- Data for the task
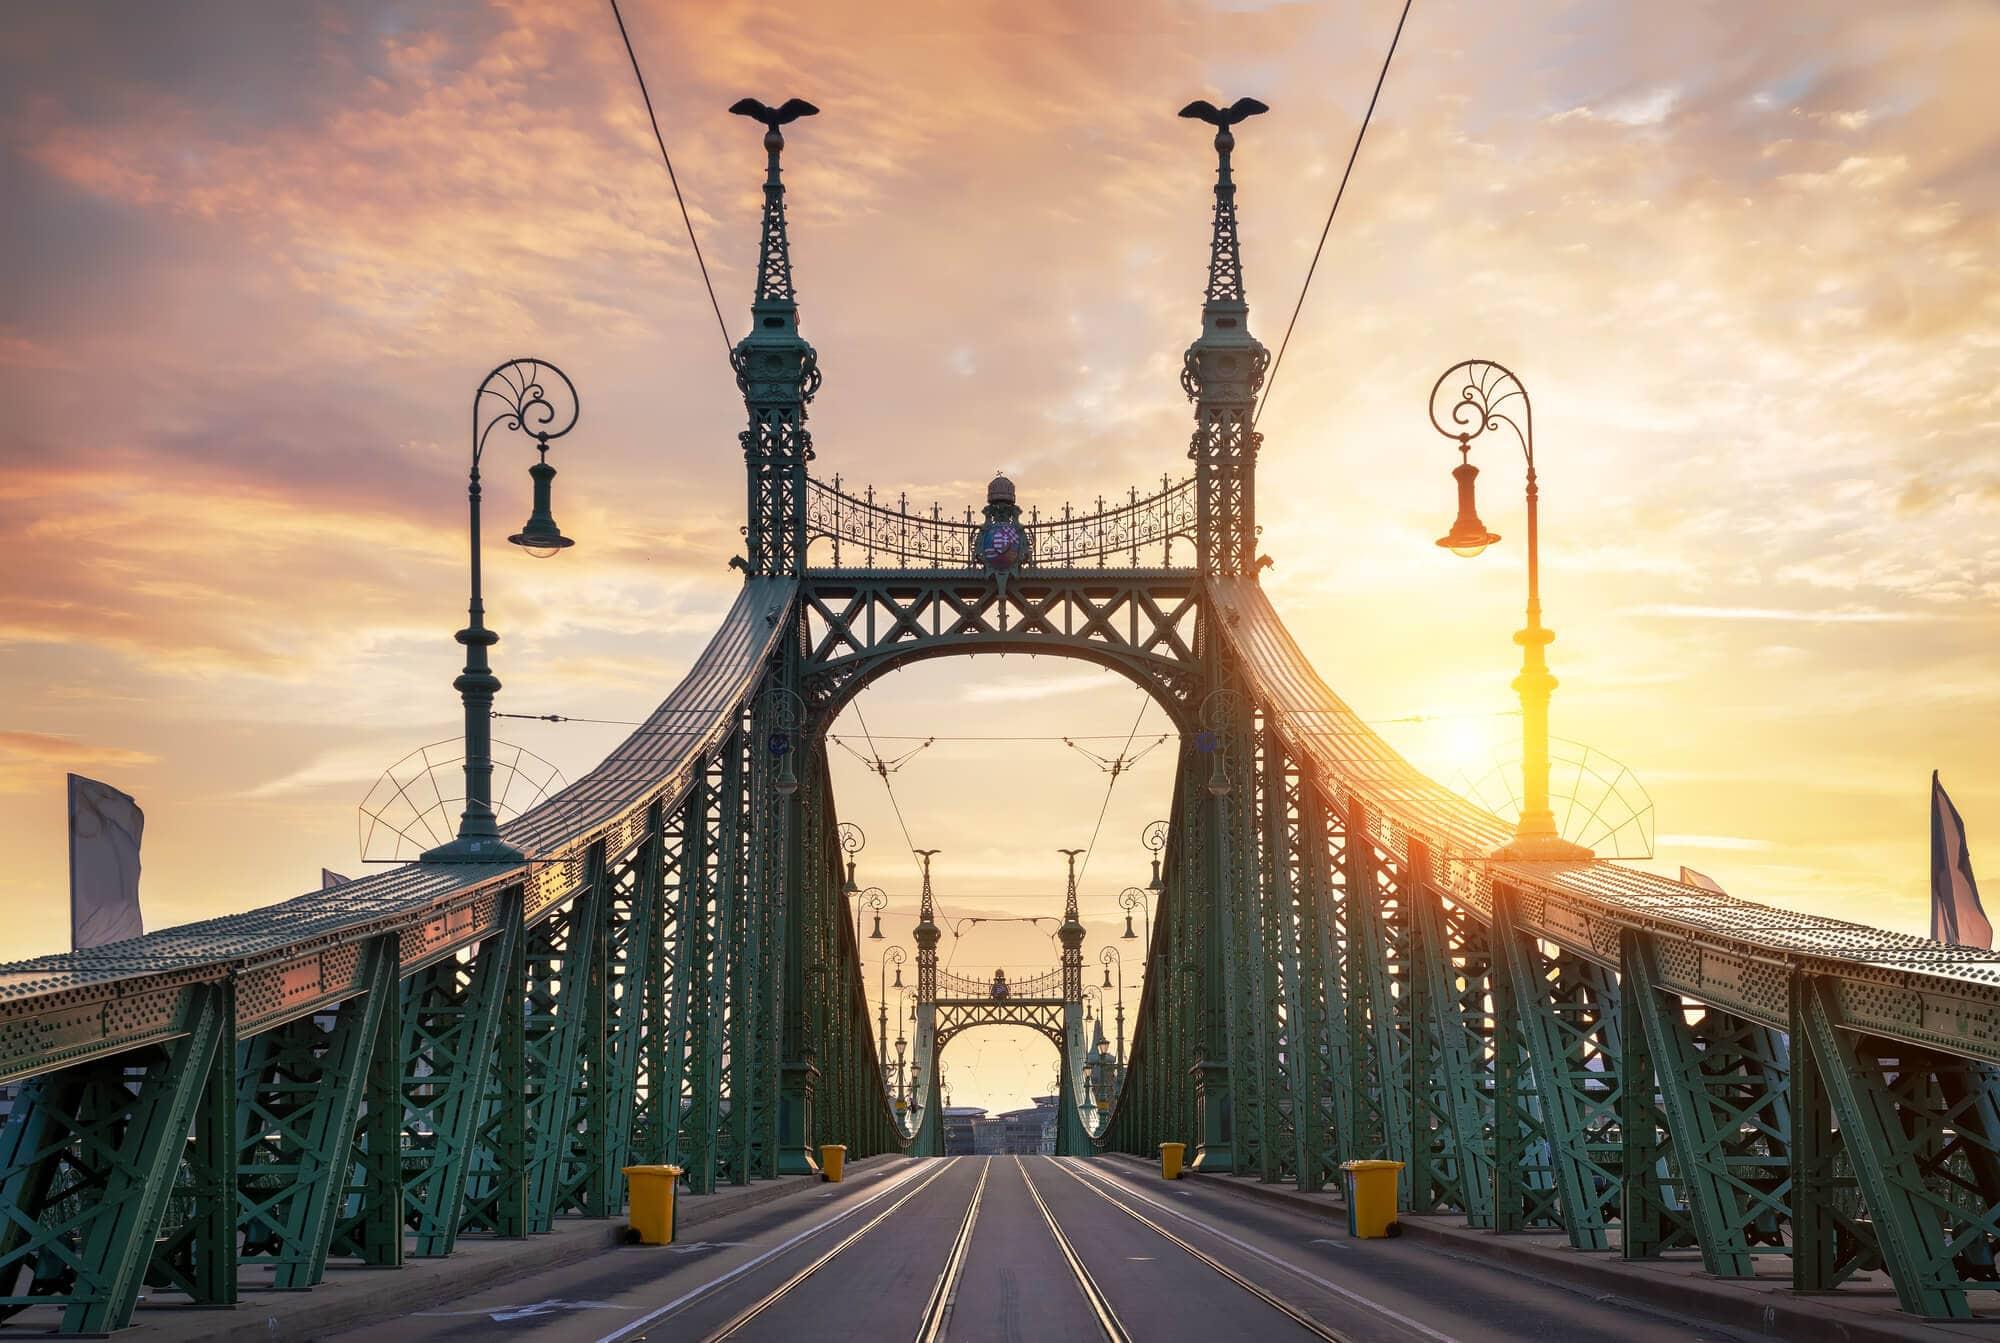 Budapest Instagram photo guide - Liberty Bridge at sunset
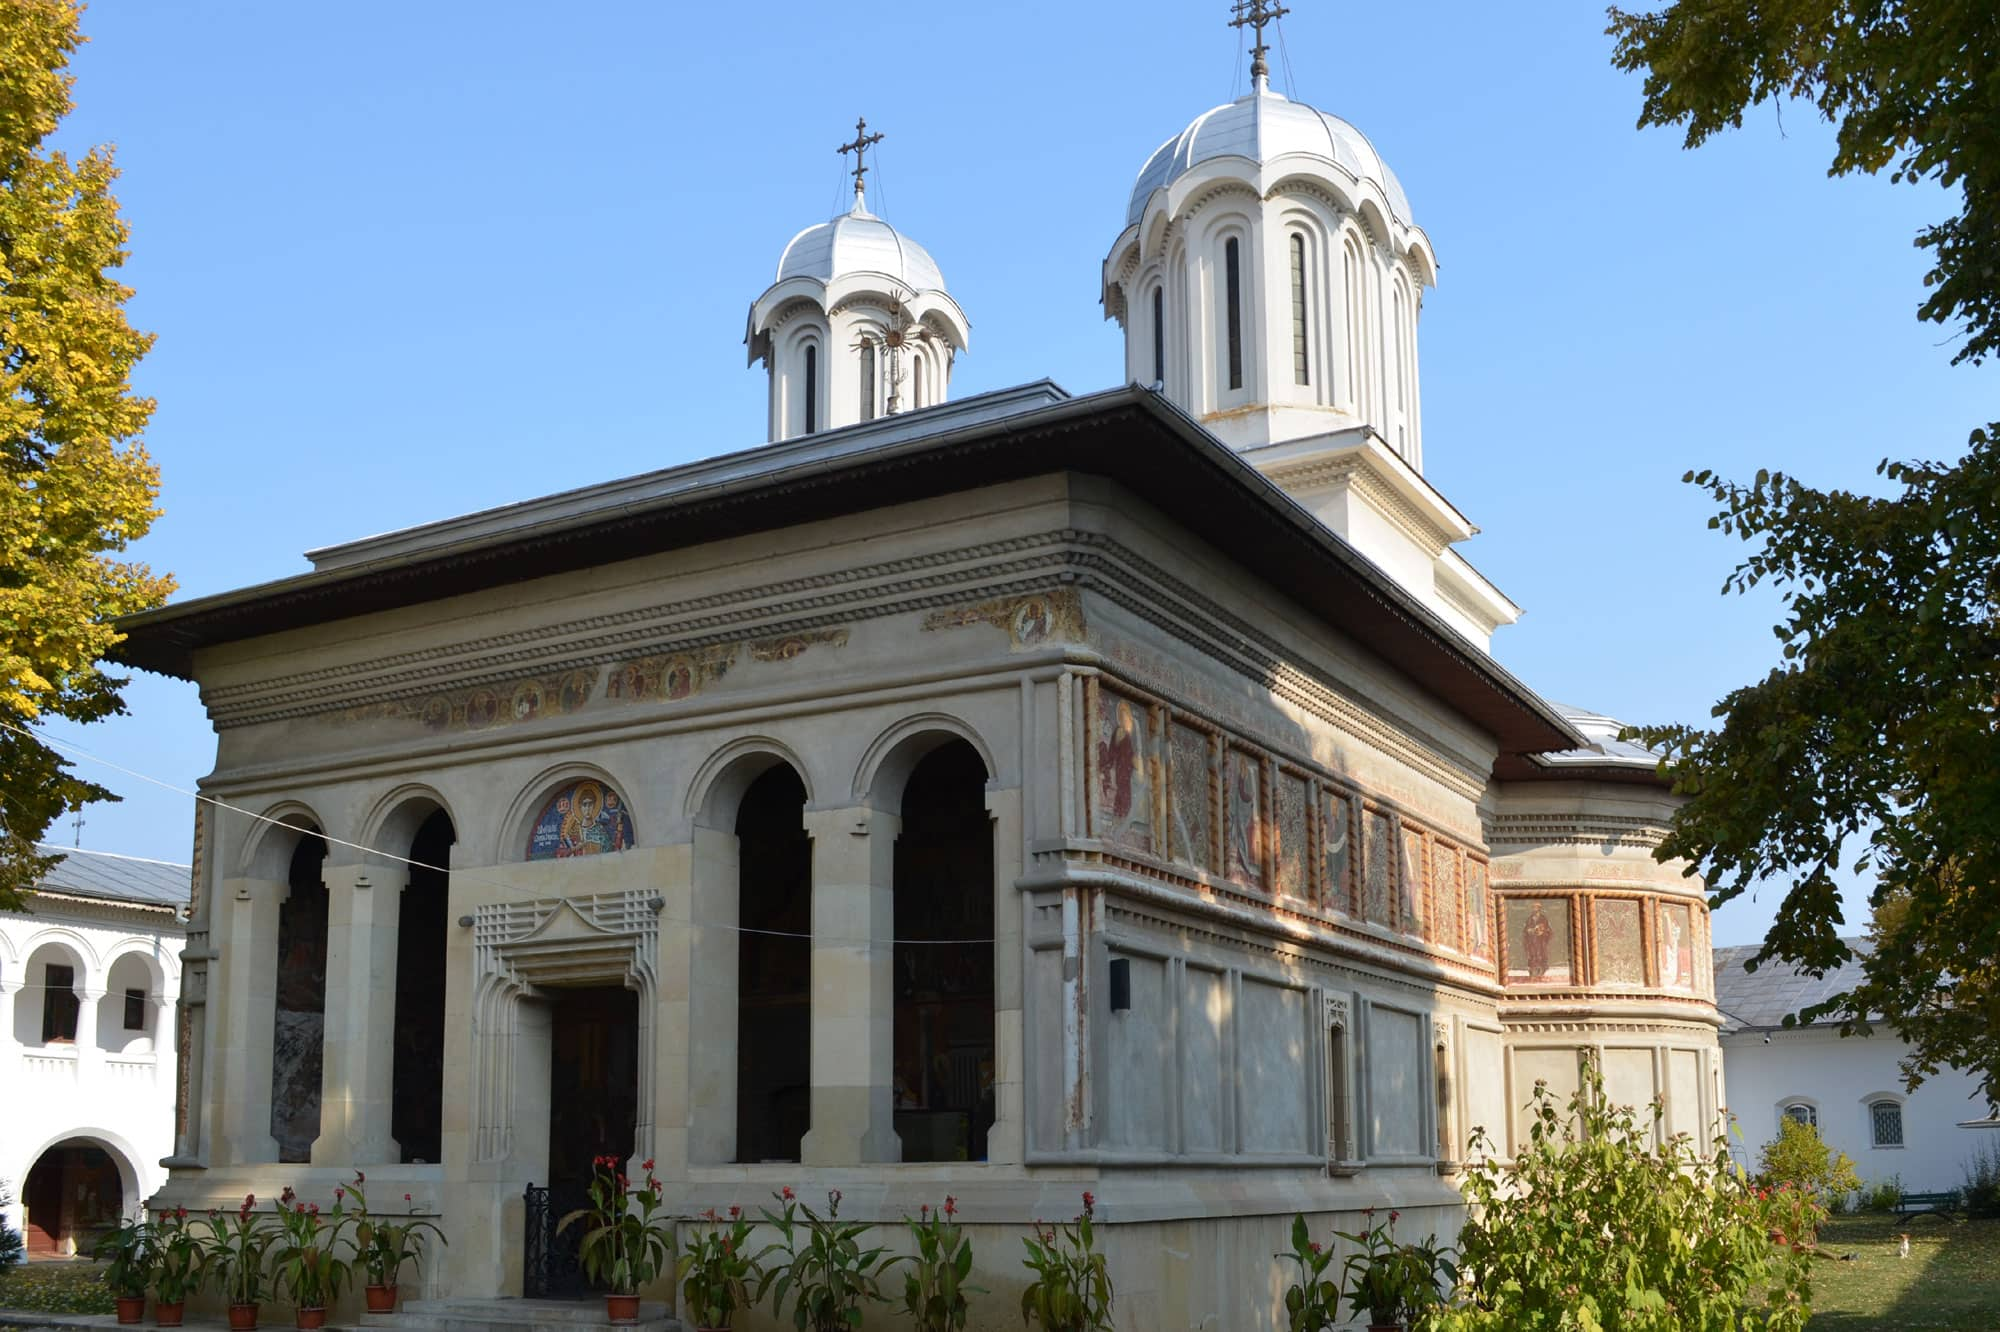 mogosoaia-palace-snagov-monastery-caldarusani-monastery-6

---

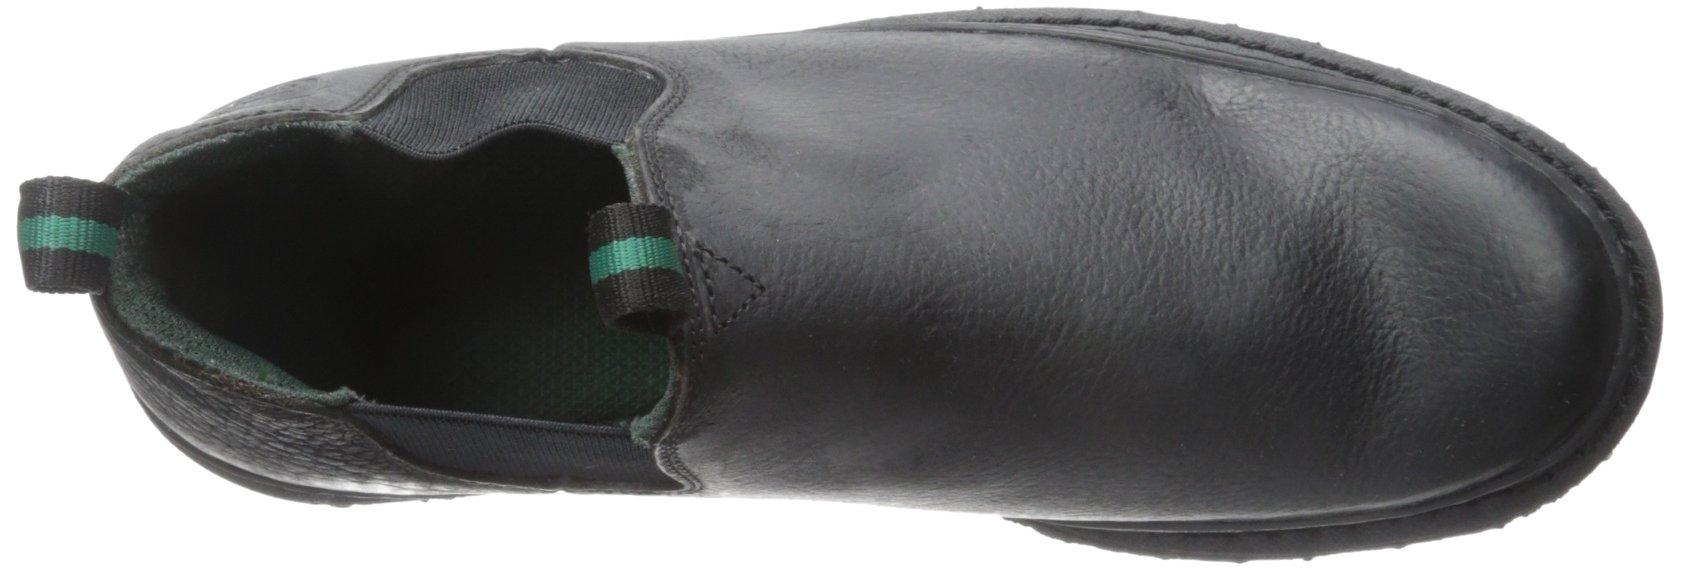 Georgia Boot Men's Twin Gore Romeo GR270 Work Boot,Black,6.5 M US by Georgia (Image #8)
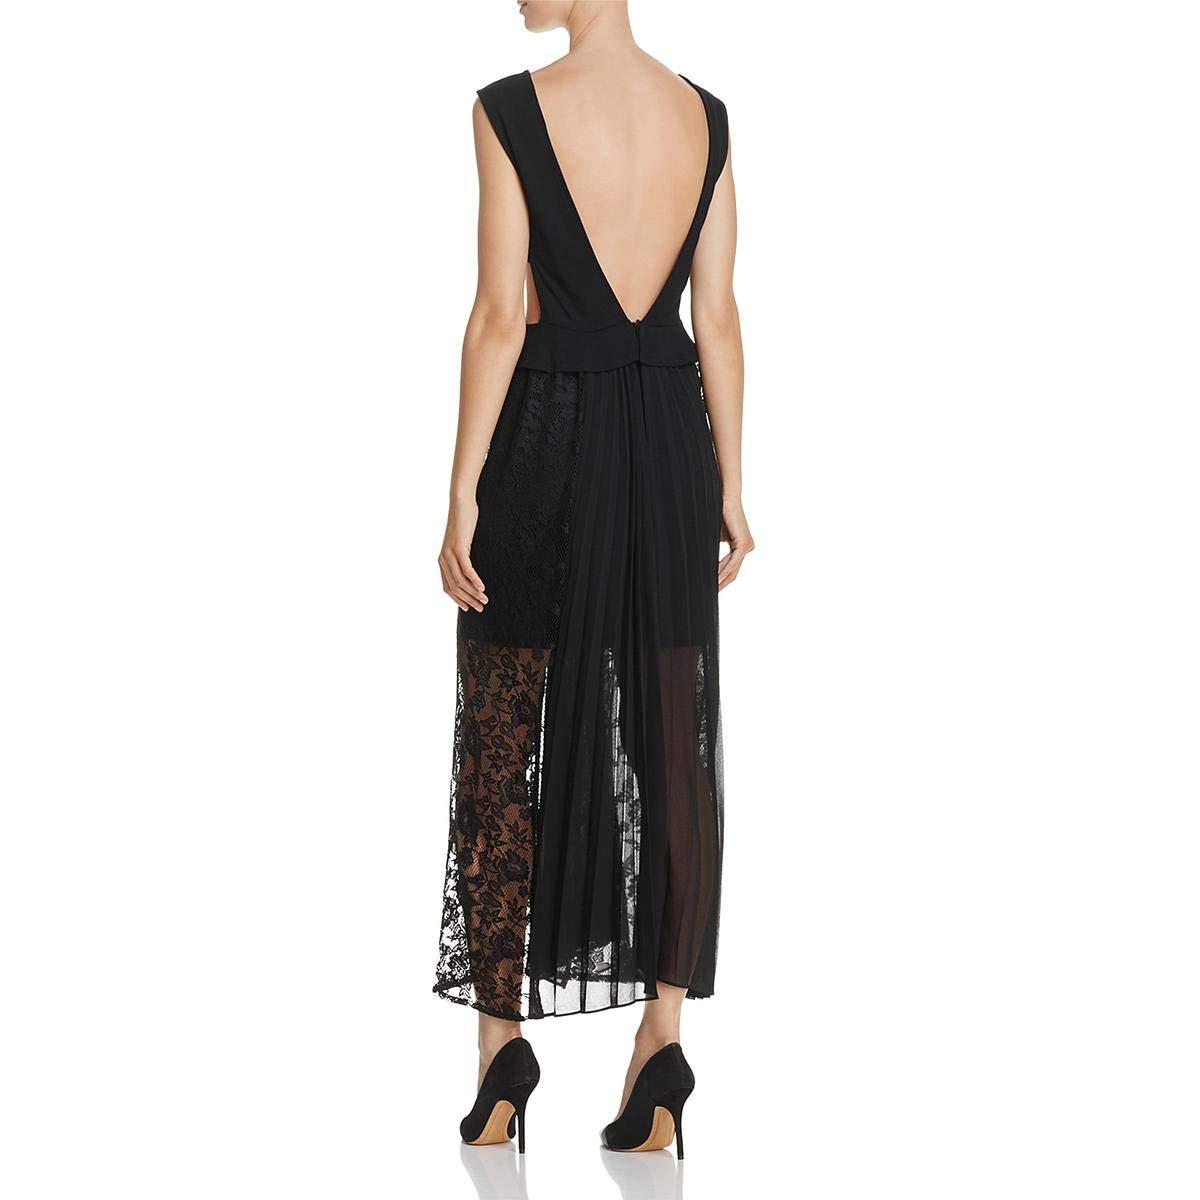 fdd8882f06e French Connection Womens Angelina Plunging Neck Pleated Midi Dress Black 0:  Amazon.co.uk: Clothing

- Work order
Reproduce the listing above exactly from the line containing "Georgia Boot Men's" up to and including the line containing "fdd8882f06e French Connection", omitting any images and everything outside those lines.

- Response to the task
 Georgia Boot Men's Twin Gore Romeo GR270 Work Boot,Black,6.5 M US by Georgia (Image #8)
 fdd8882f06e French Connection Womens Angelina Plunging Neck Pleated Midi Dress Black 0:  Amazon.co.uk: Clothing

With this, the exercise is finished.